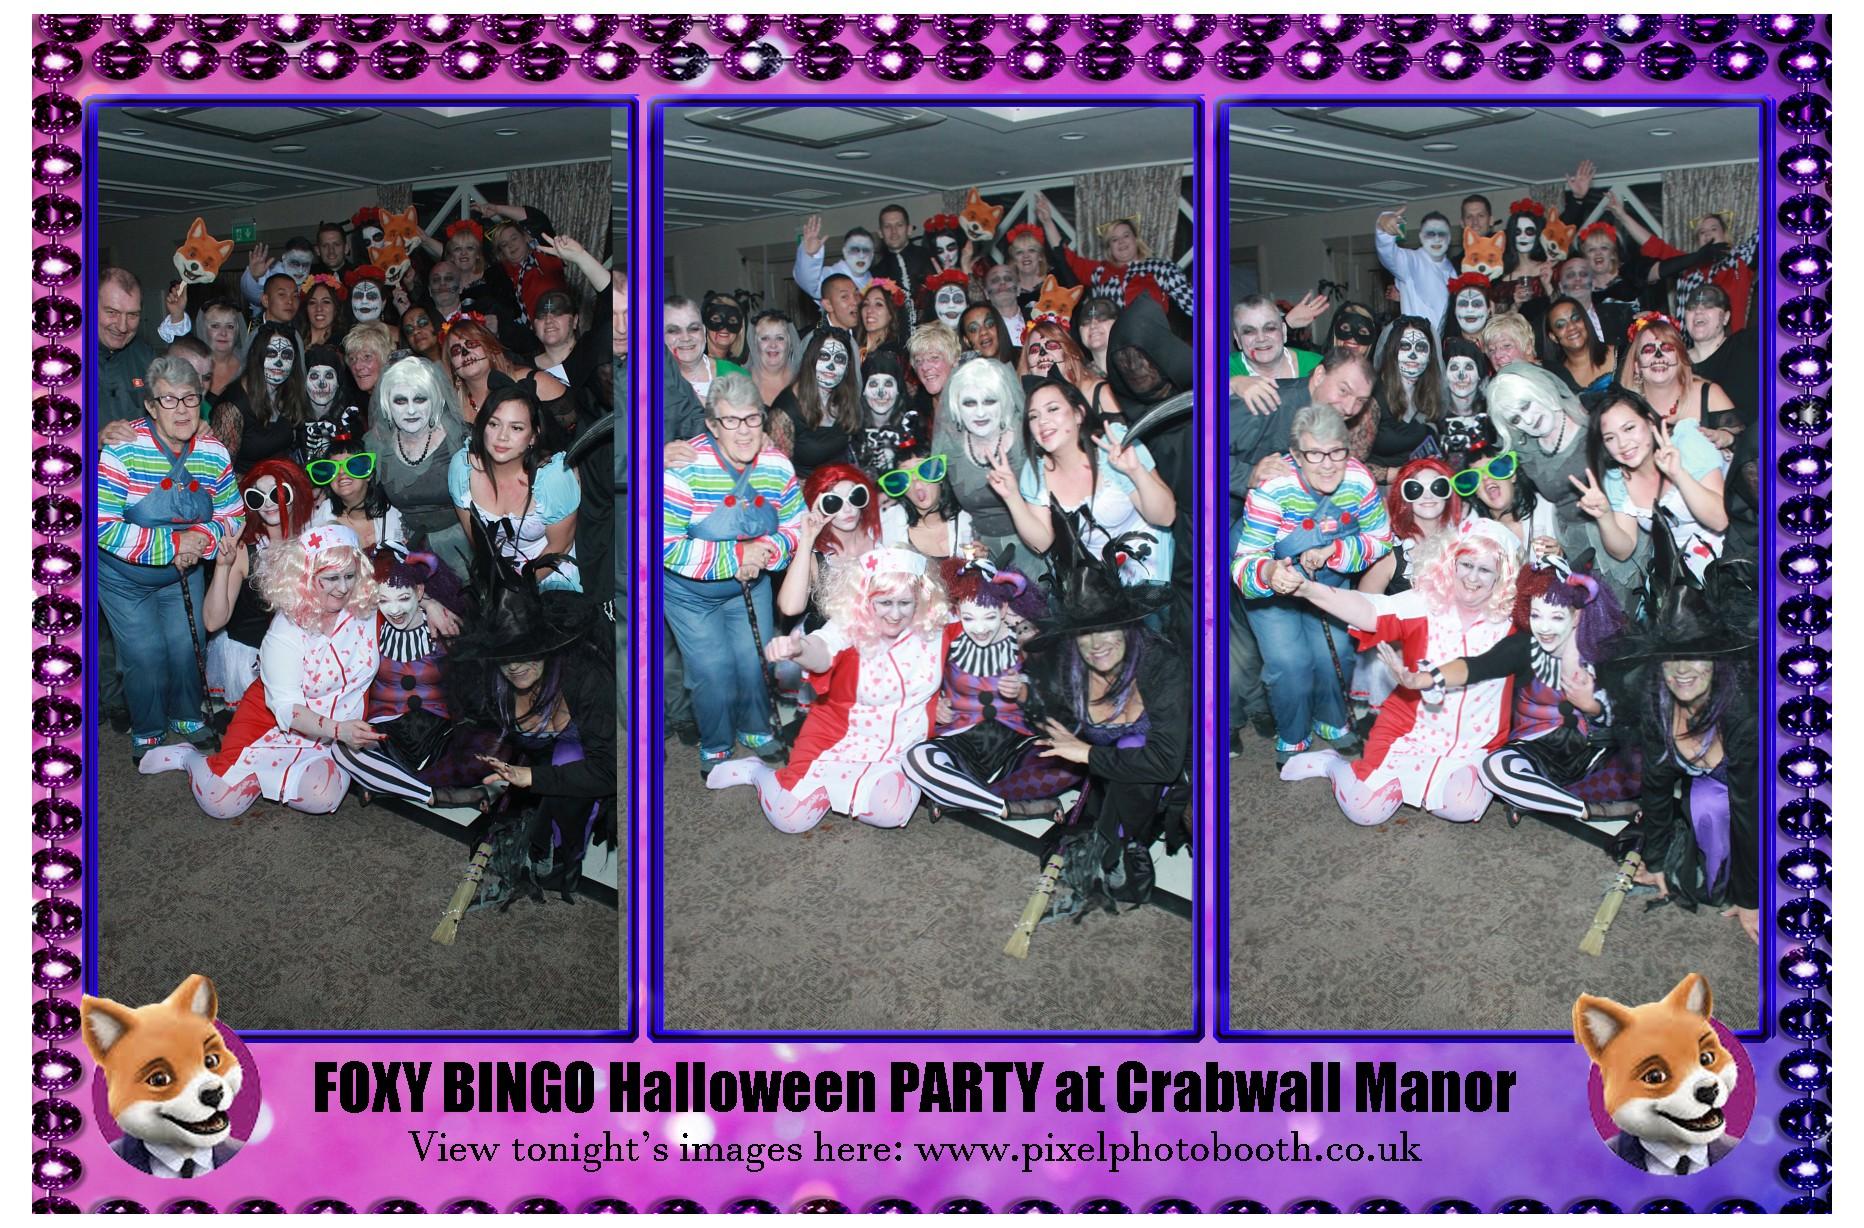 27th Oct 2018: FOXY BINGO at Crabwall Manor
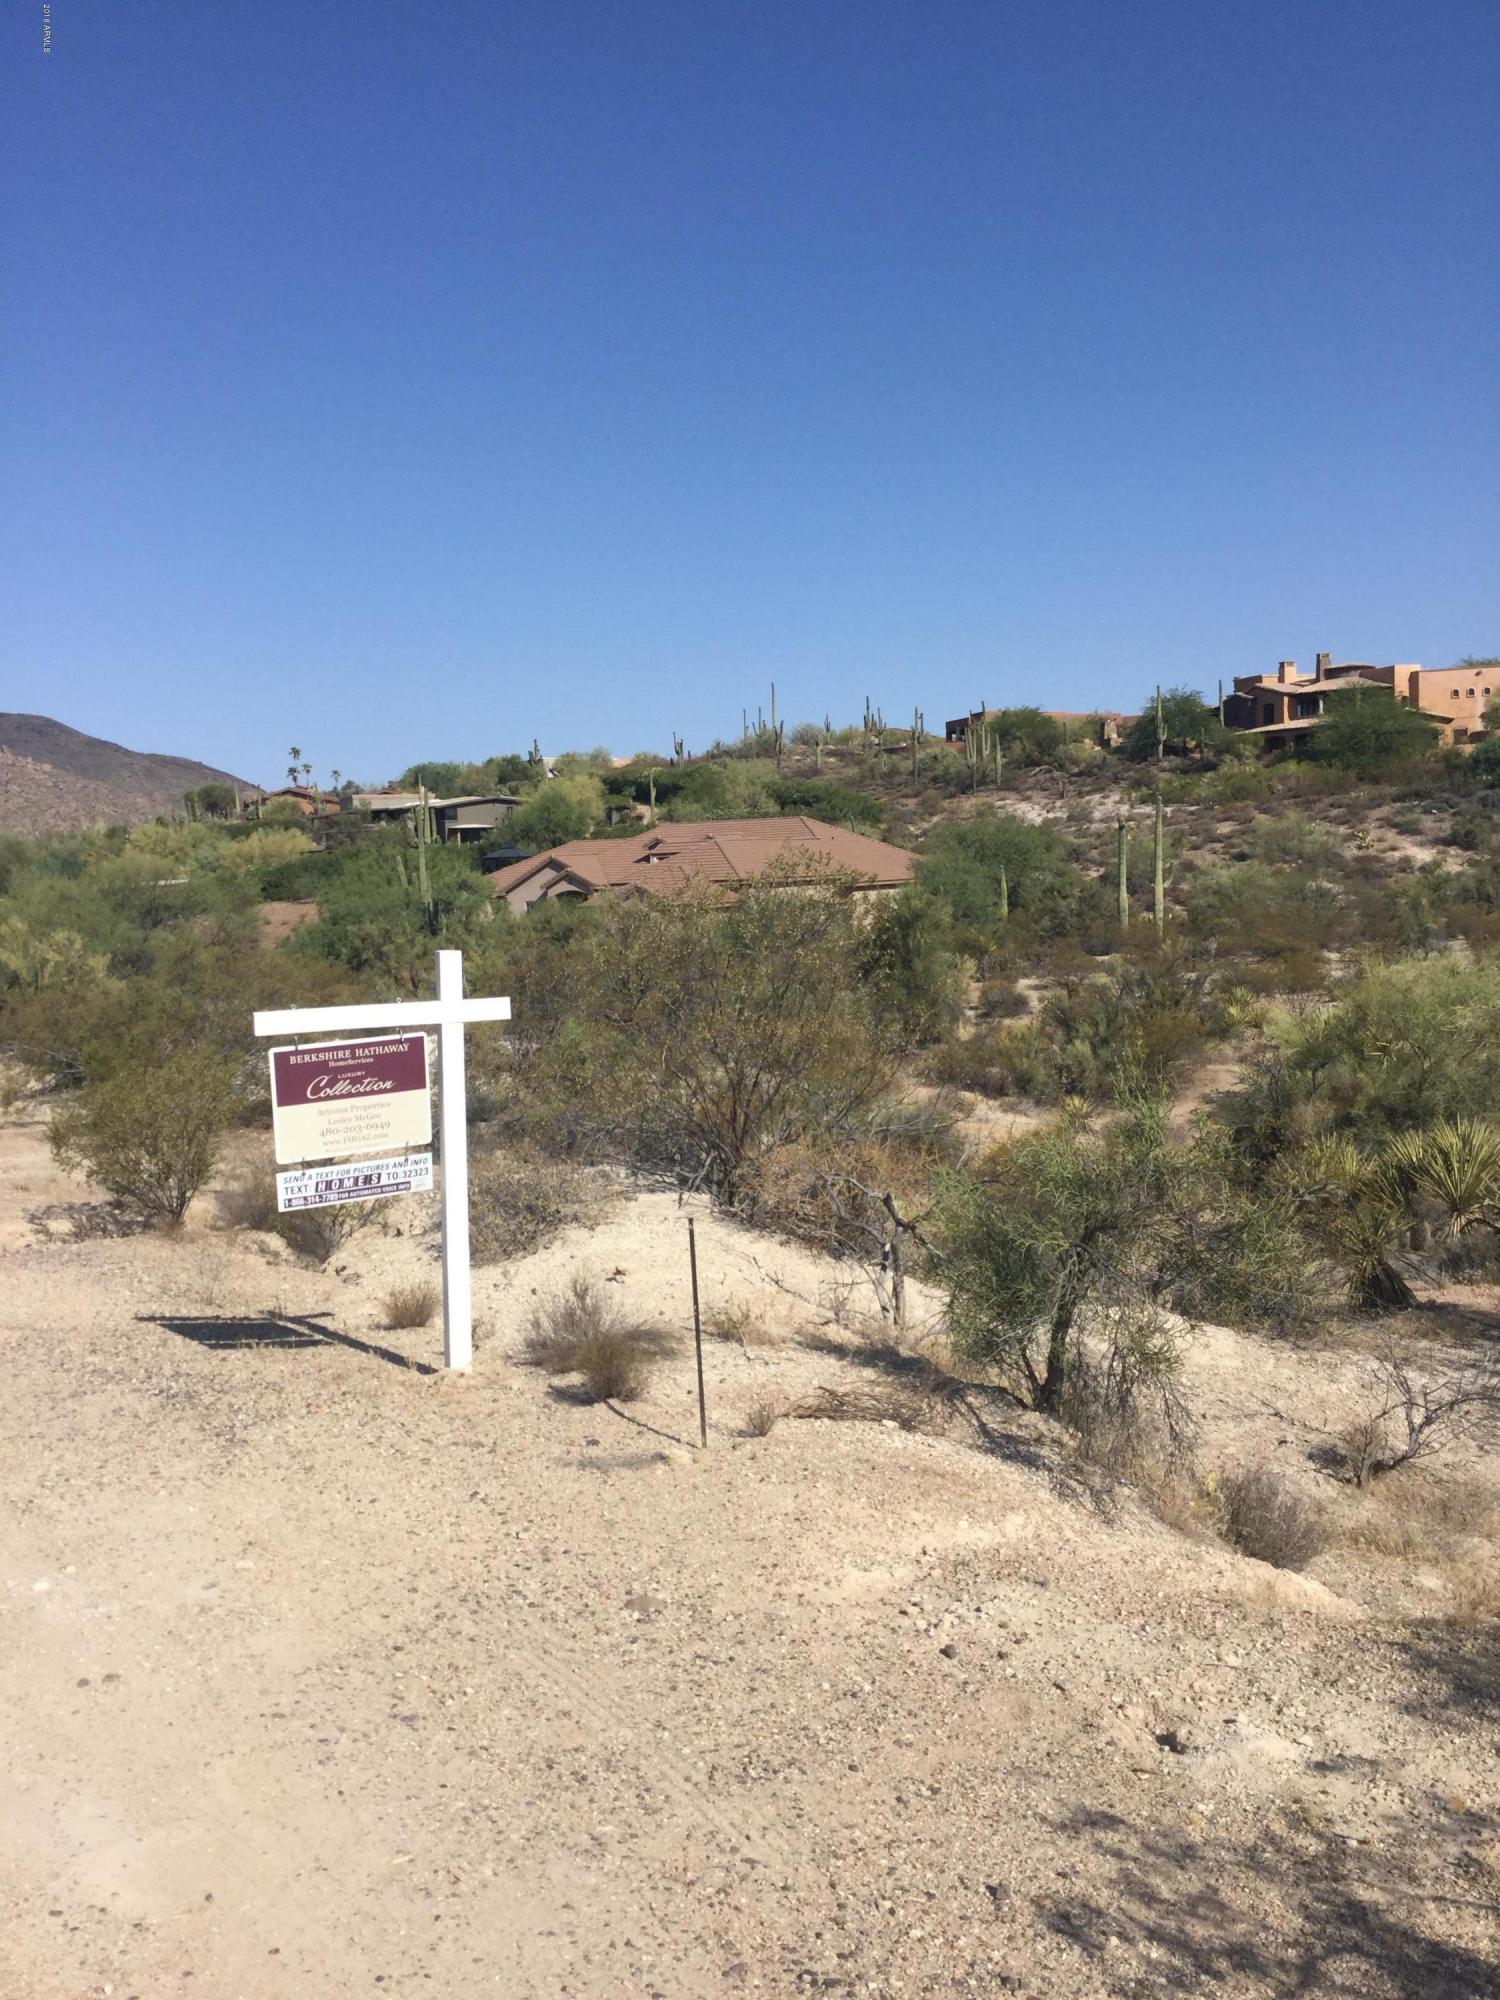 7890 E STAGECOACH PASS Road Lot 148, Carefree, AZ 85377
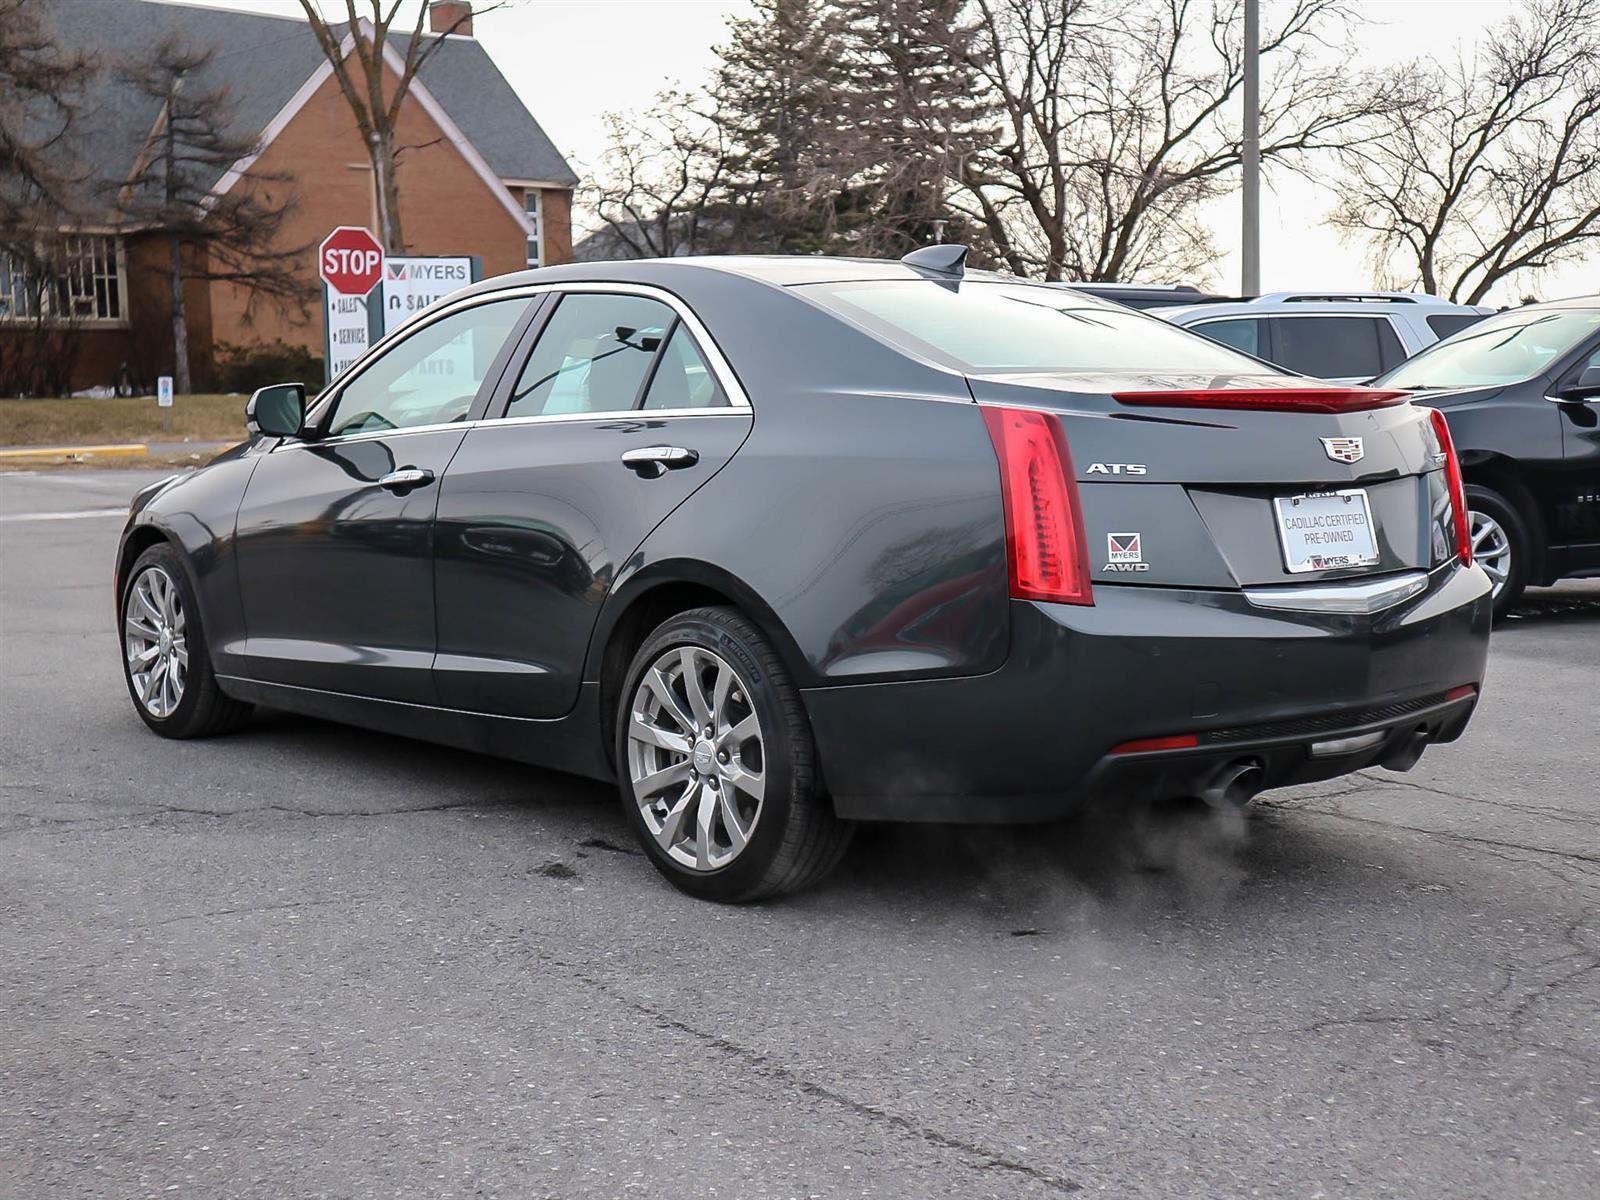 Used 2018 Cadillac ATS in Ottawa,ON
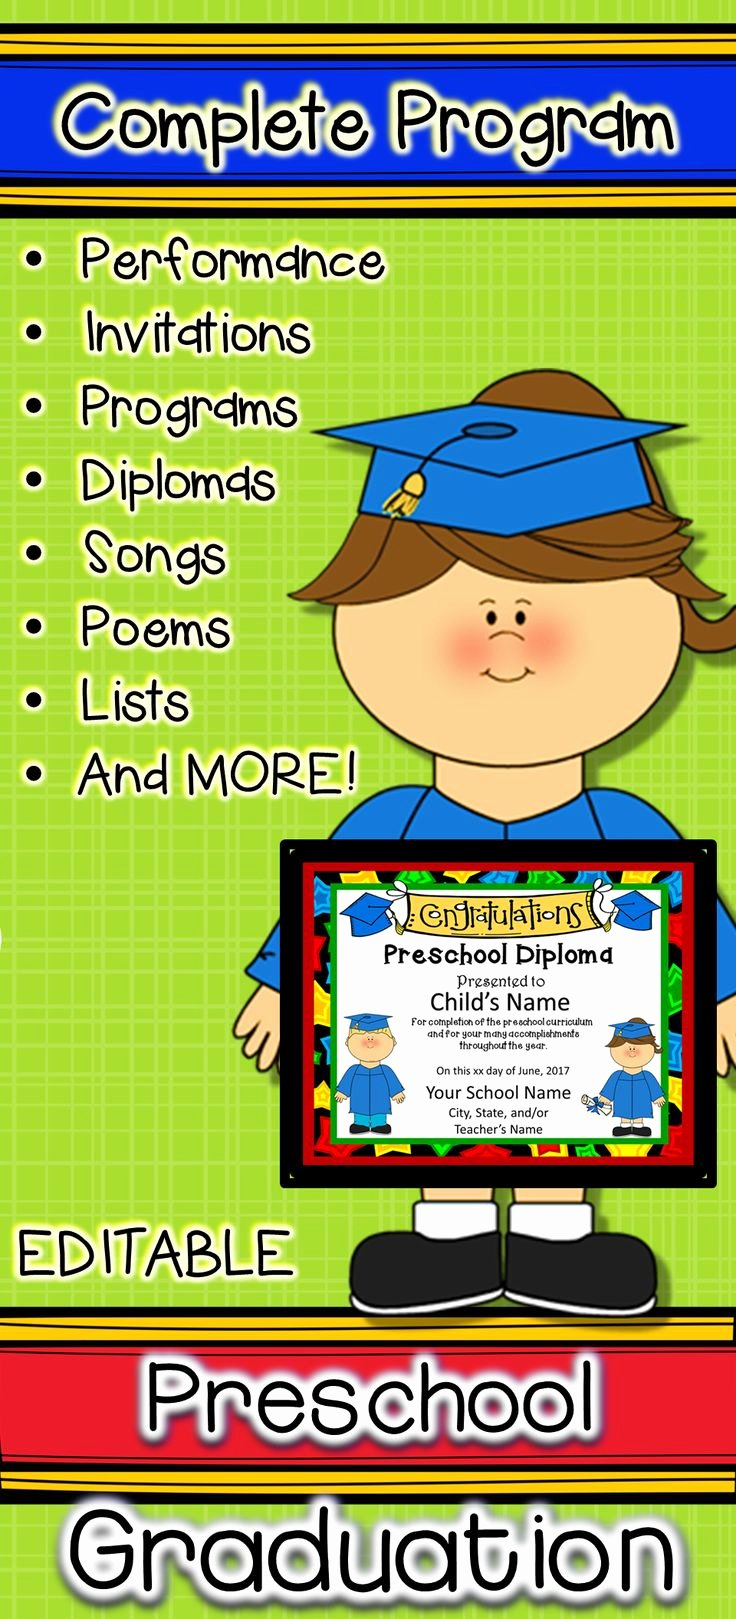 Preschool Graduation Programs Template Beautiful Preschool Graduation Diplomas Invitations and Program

▬▬▬

Try it –
Copy the lines exactly. Start at the line with "7890 E STAGECOACH", end at the last line above, include both, and omit all pictures.

Problem solution –
 7890 E STAGECOACH PASS Road Lot 148, Carefree, AZ 85377
 Used 2018 Cadillac ATS in Ottawa,ON
 Preschool Graduation Programs Template Beautiful Preschool Graduation Diplomas Invitations and Program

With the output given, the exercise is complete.